WORK TO BE COMPLETED:
Your copy runs from the line containing "Hawaiian Triple Pork Fried Rice Recipe" through the last line of the listing, both included. Restate those lines word for word and leave out pictures.

MATERIAL PROVIDED:

== Segment start ==

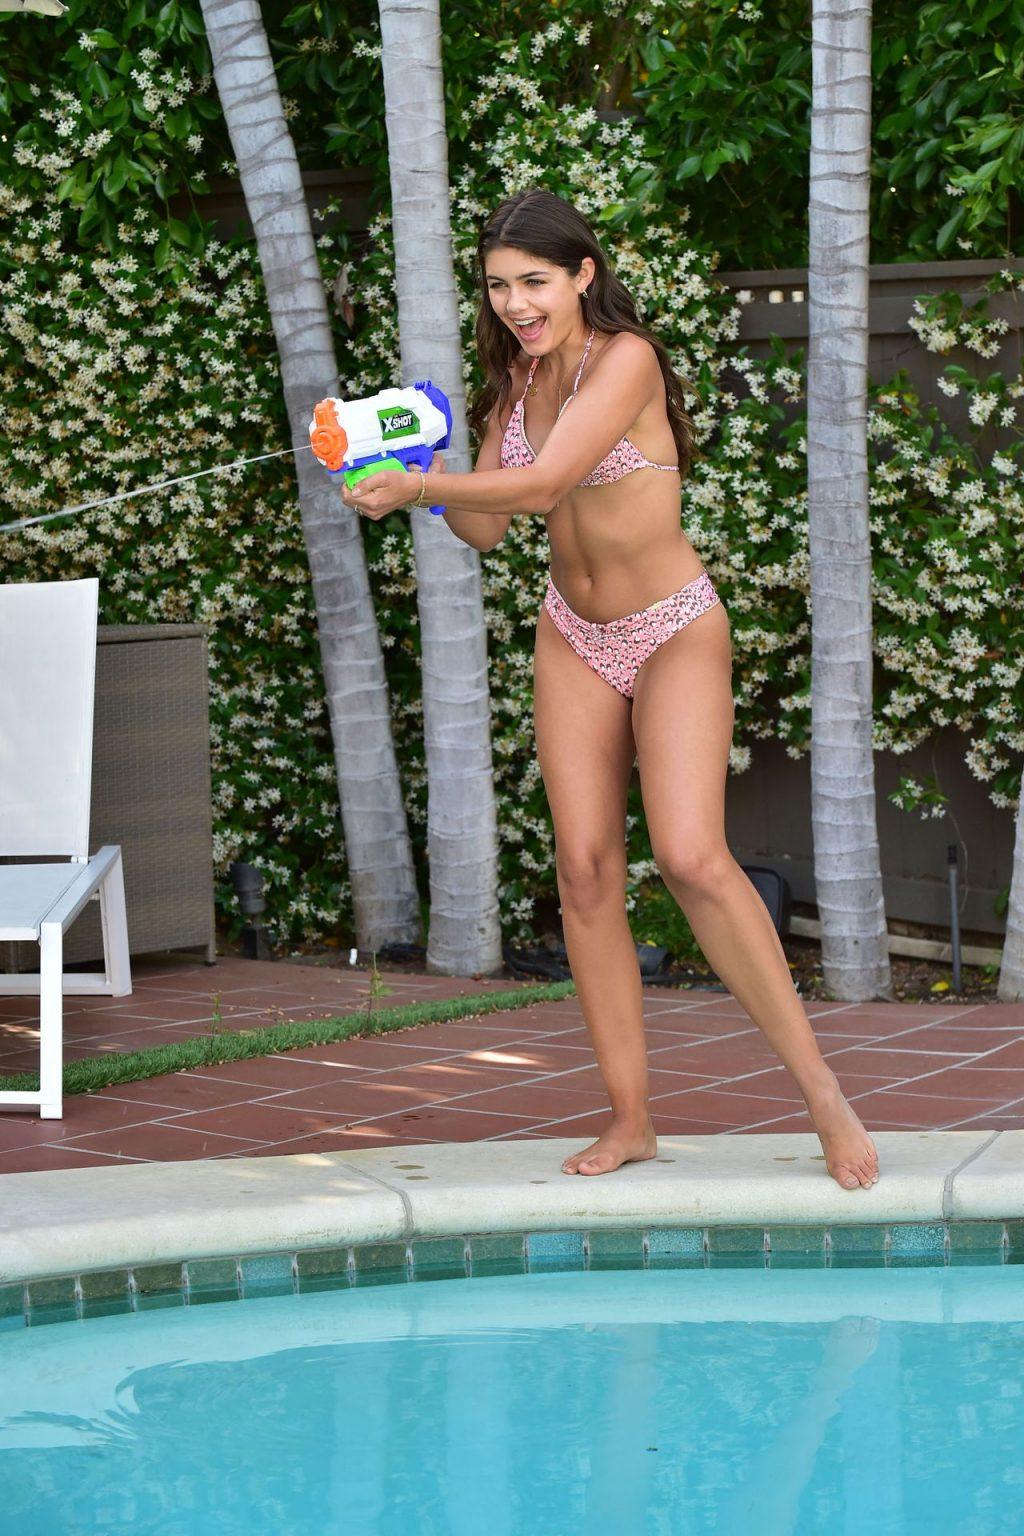 Hannah Ann Sluss Looks Great in a Bikini (13 Photos)
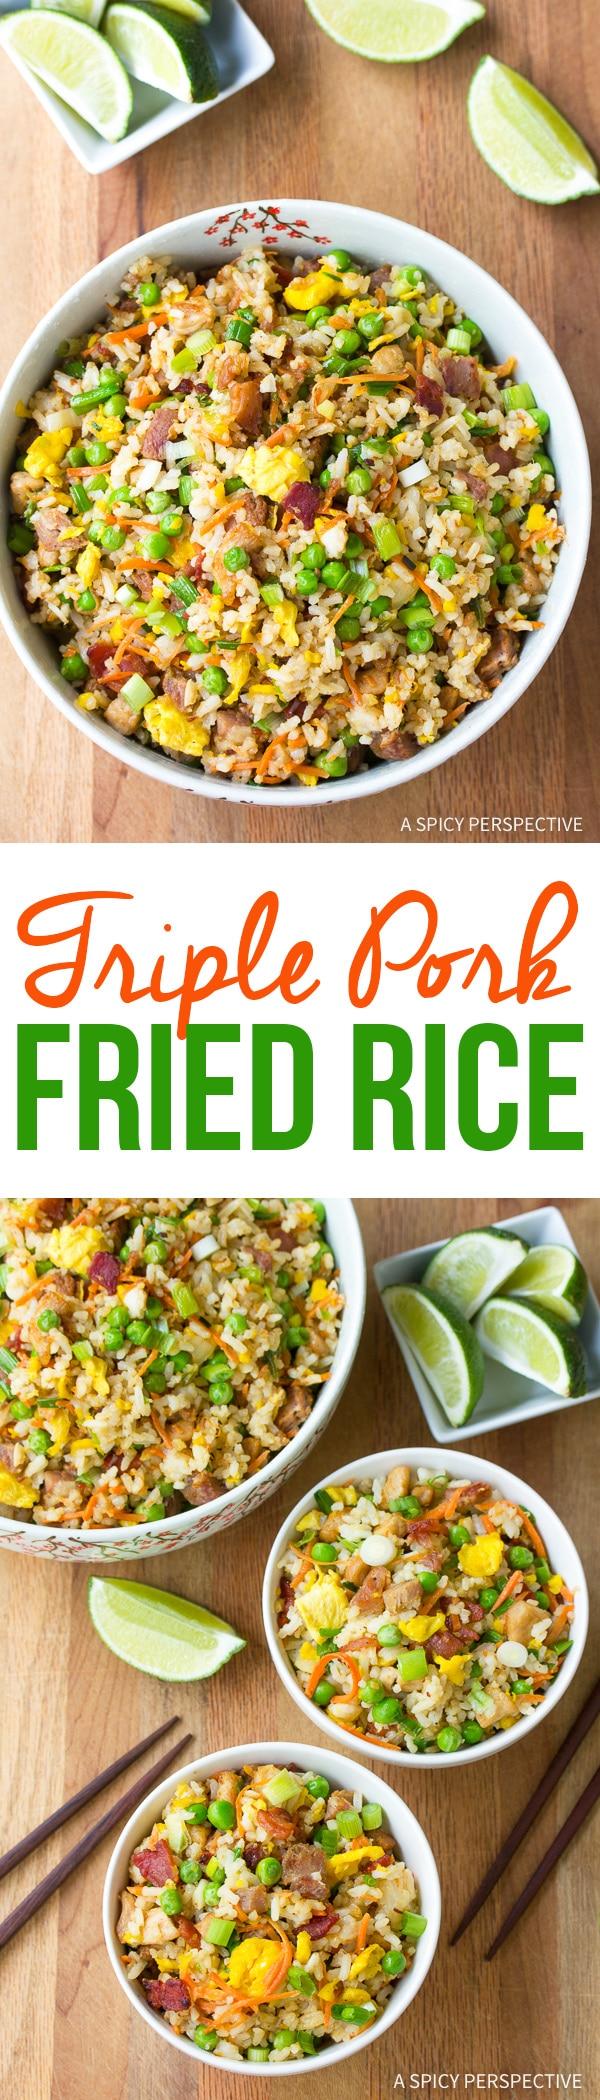 Hawaiian Triple Pork Fried Rice Recipe
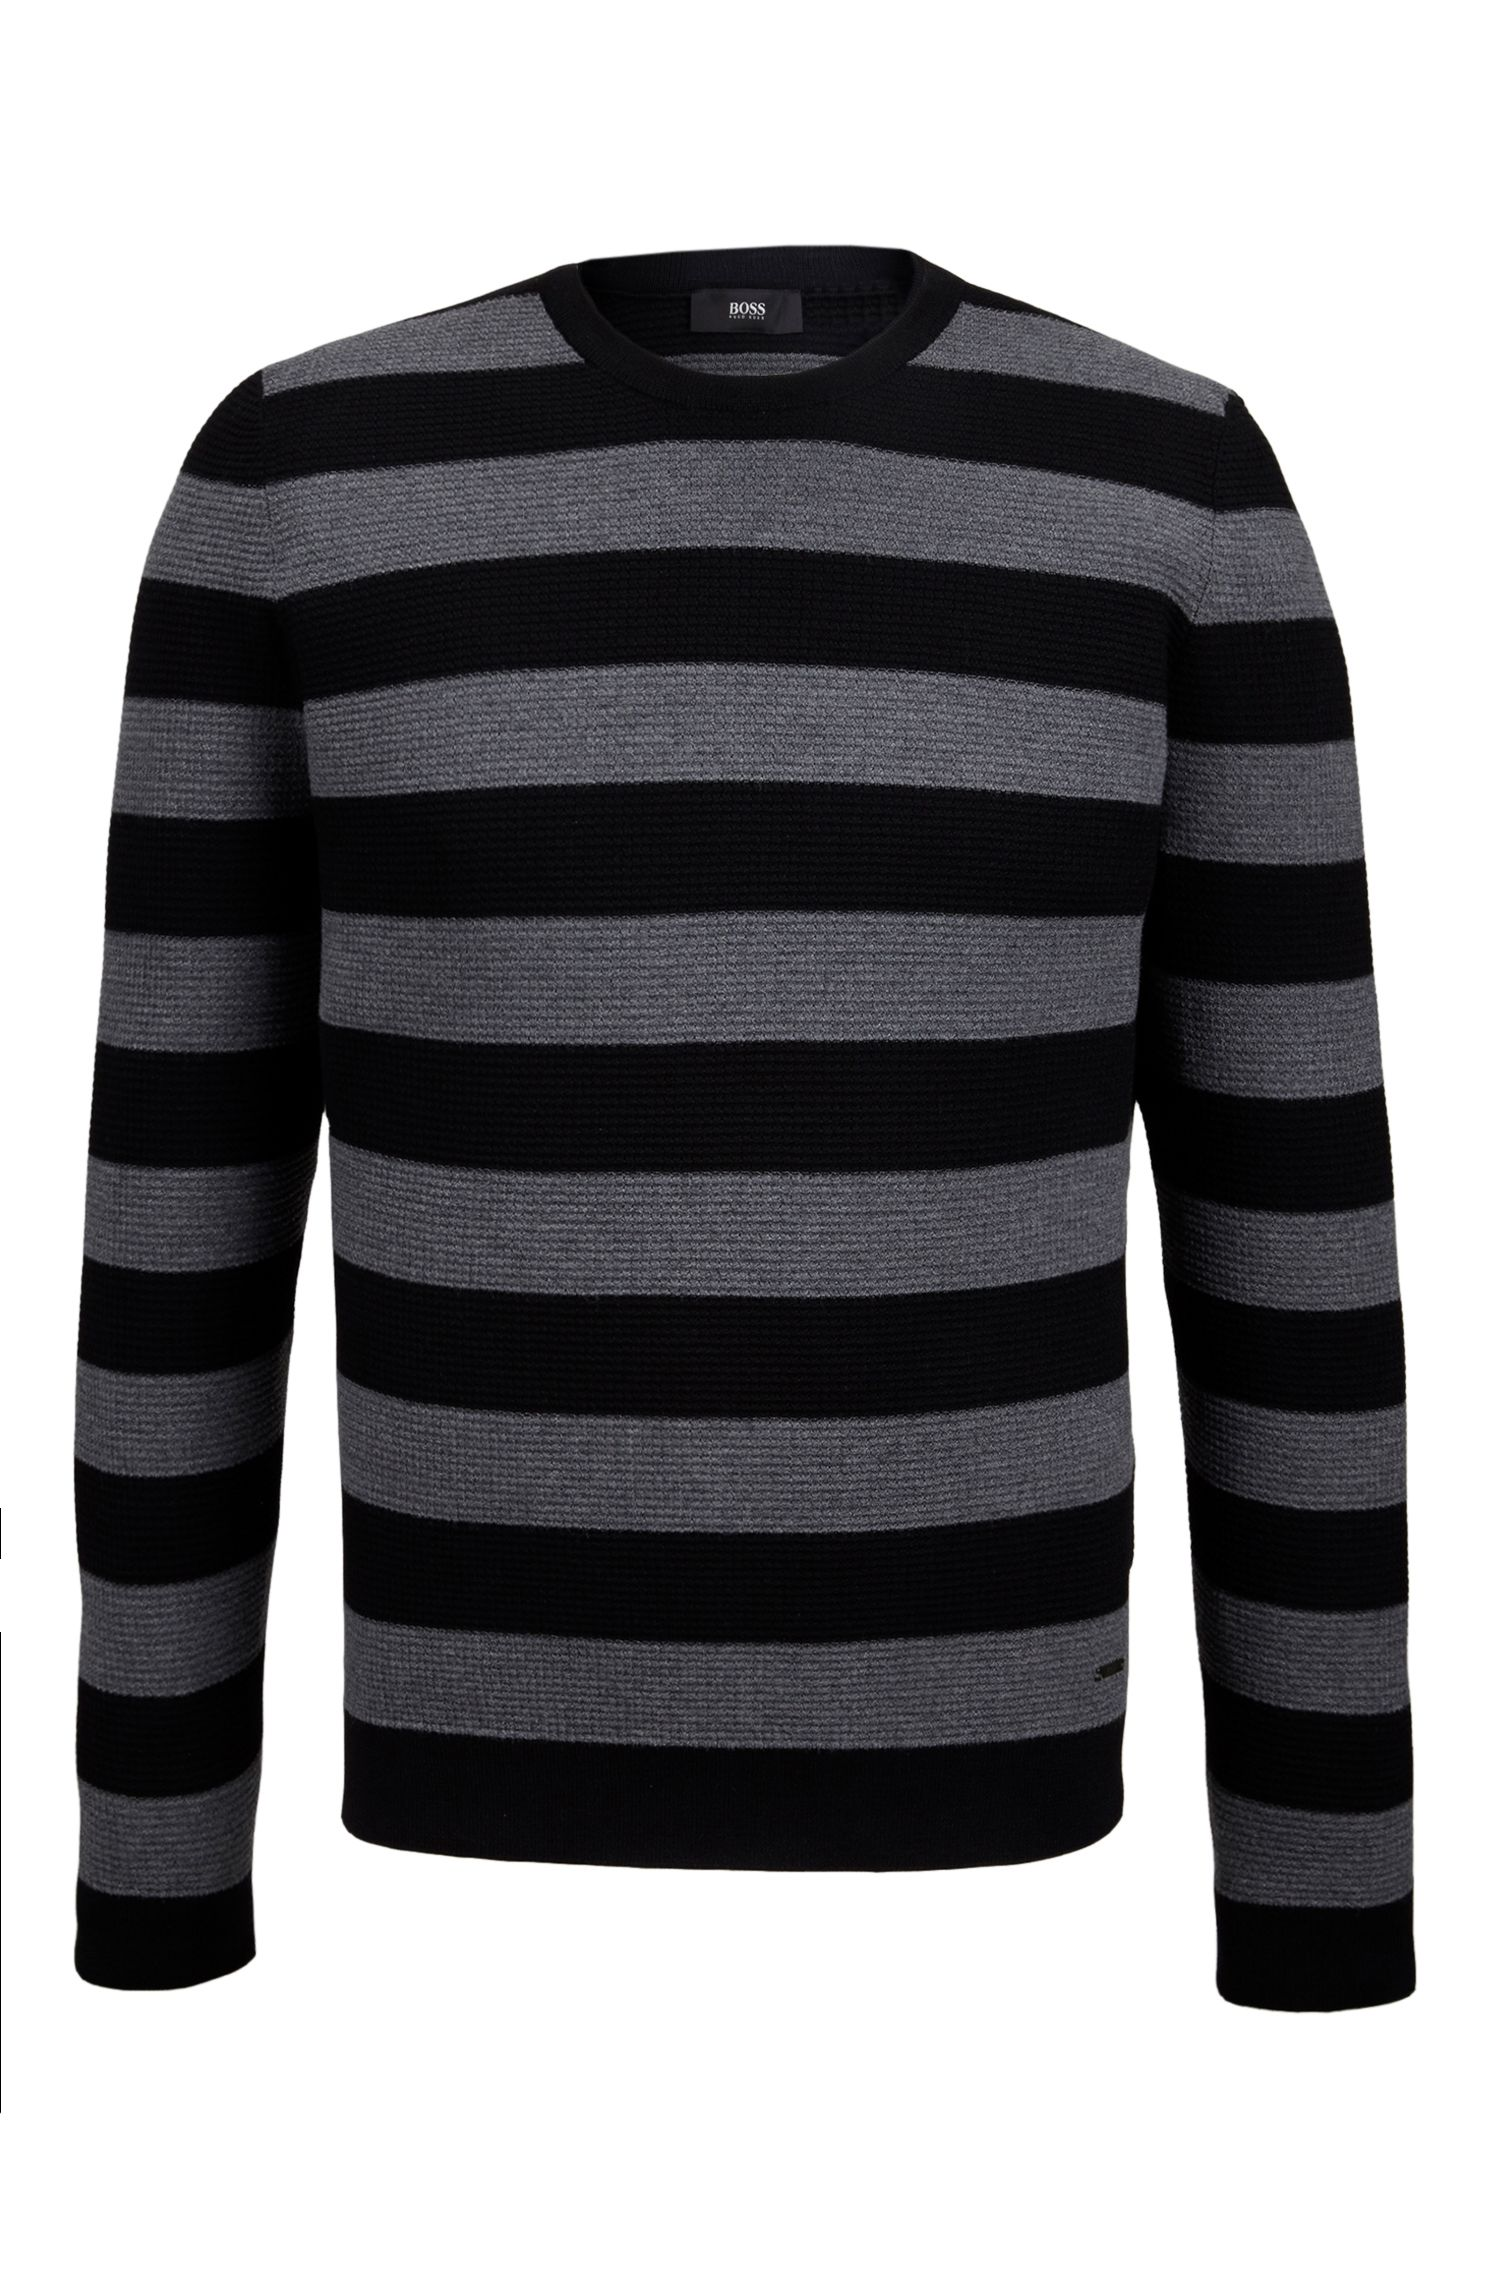 Striped Virgin Wool Sweater | Nantoni, Black
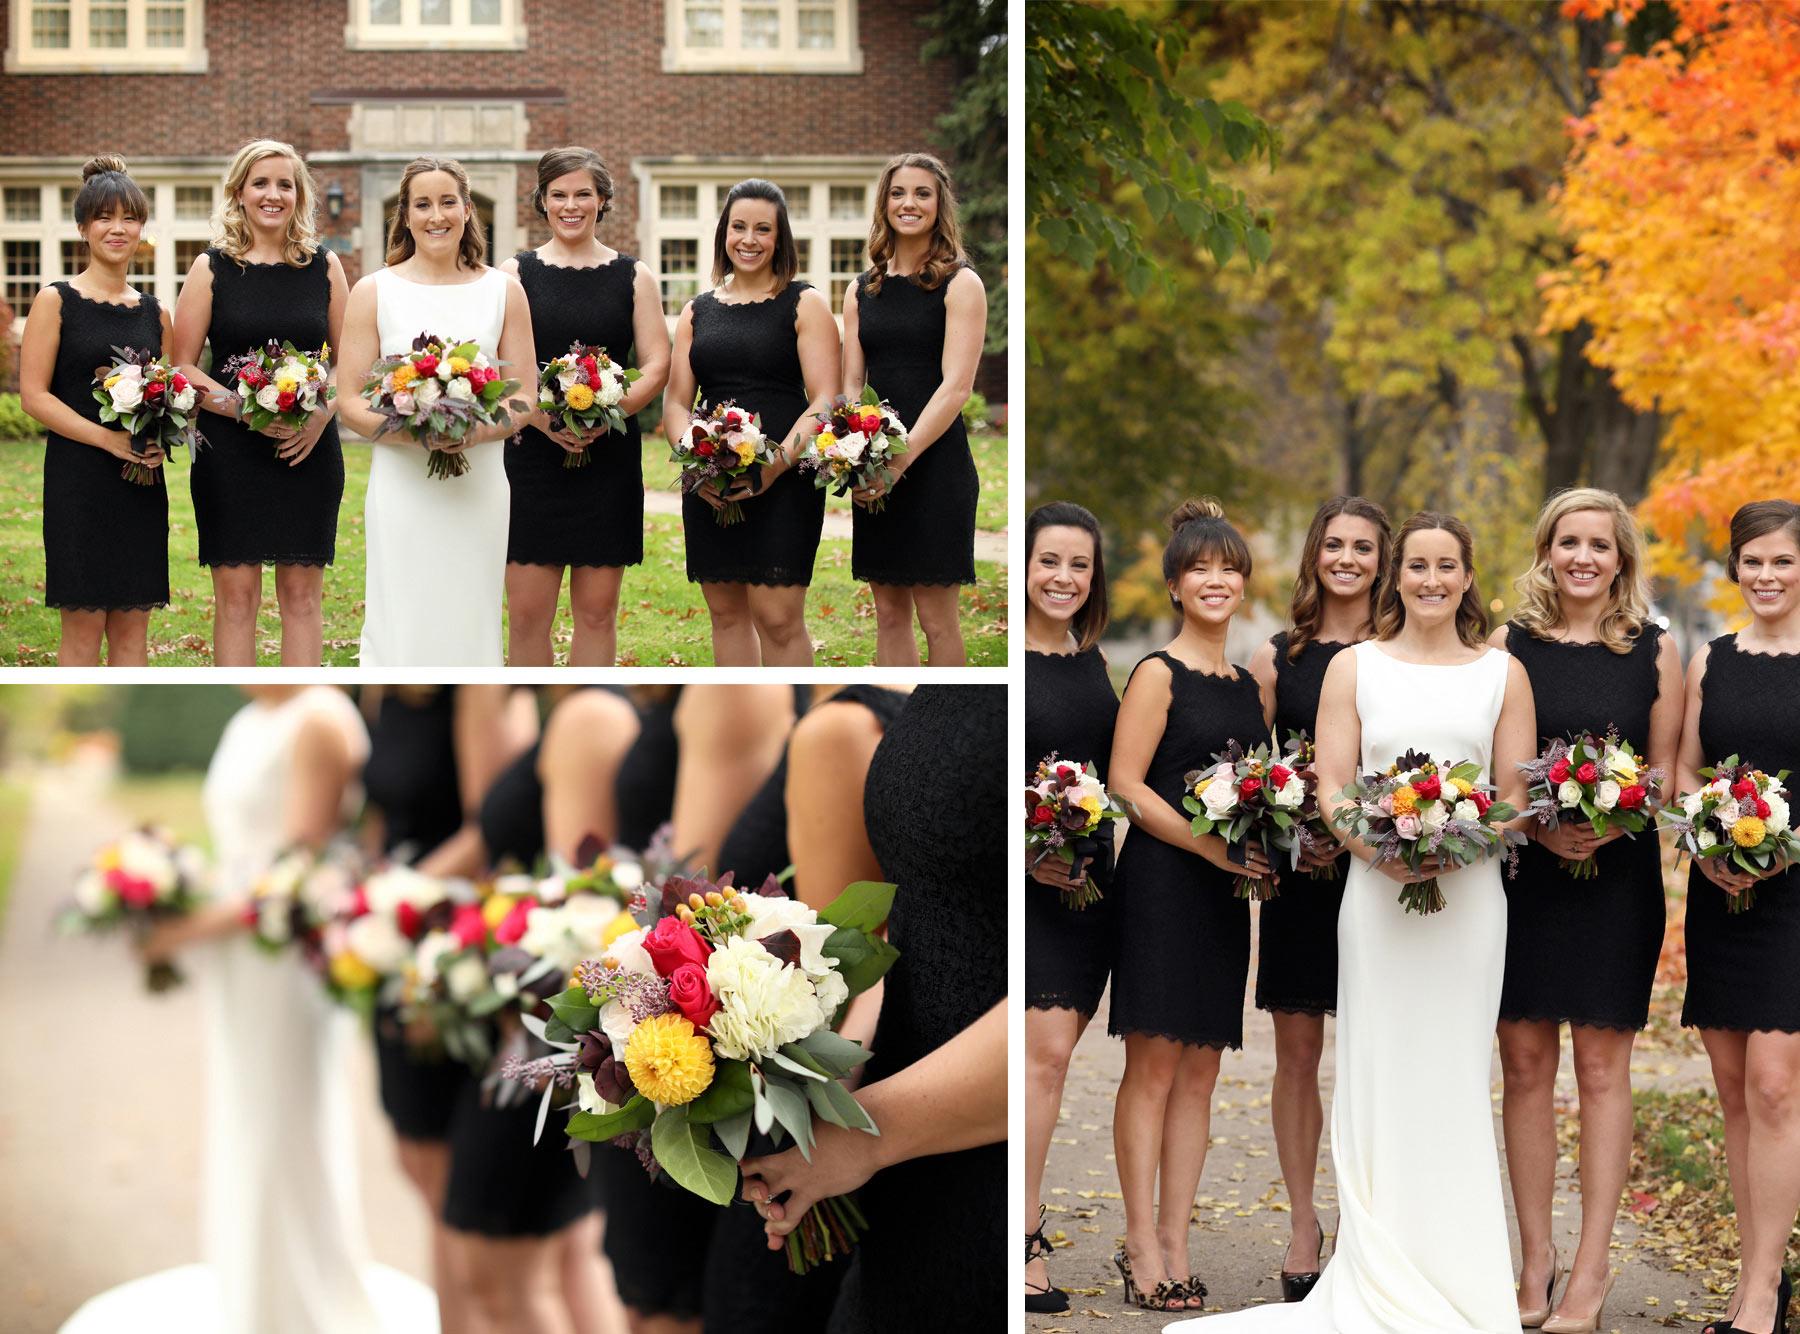 04-Saint-Paul-Minnesota-Wedding-Photographer-by-Andrew-Vick-Photography-Fall-Autumn-Parents-House-Bride-Bridesmaids-Flowers-Kathryn-and-Sam.jpg

== Segment end ==

RESULT OF THE TASK:
 Hawaiian Triple Pork Fried Rice Recipe
 Striped Virgin Wool Sweater | Nantoni, Black
 04-Saint-Paul-Minnesota-Wedding-Photographer-by-Andrew-Vick-Photography-Fall-Autumn-Parents-House-Bride-Bridesmaids-Flowers-Kathryn-and-Sam.jpg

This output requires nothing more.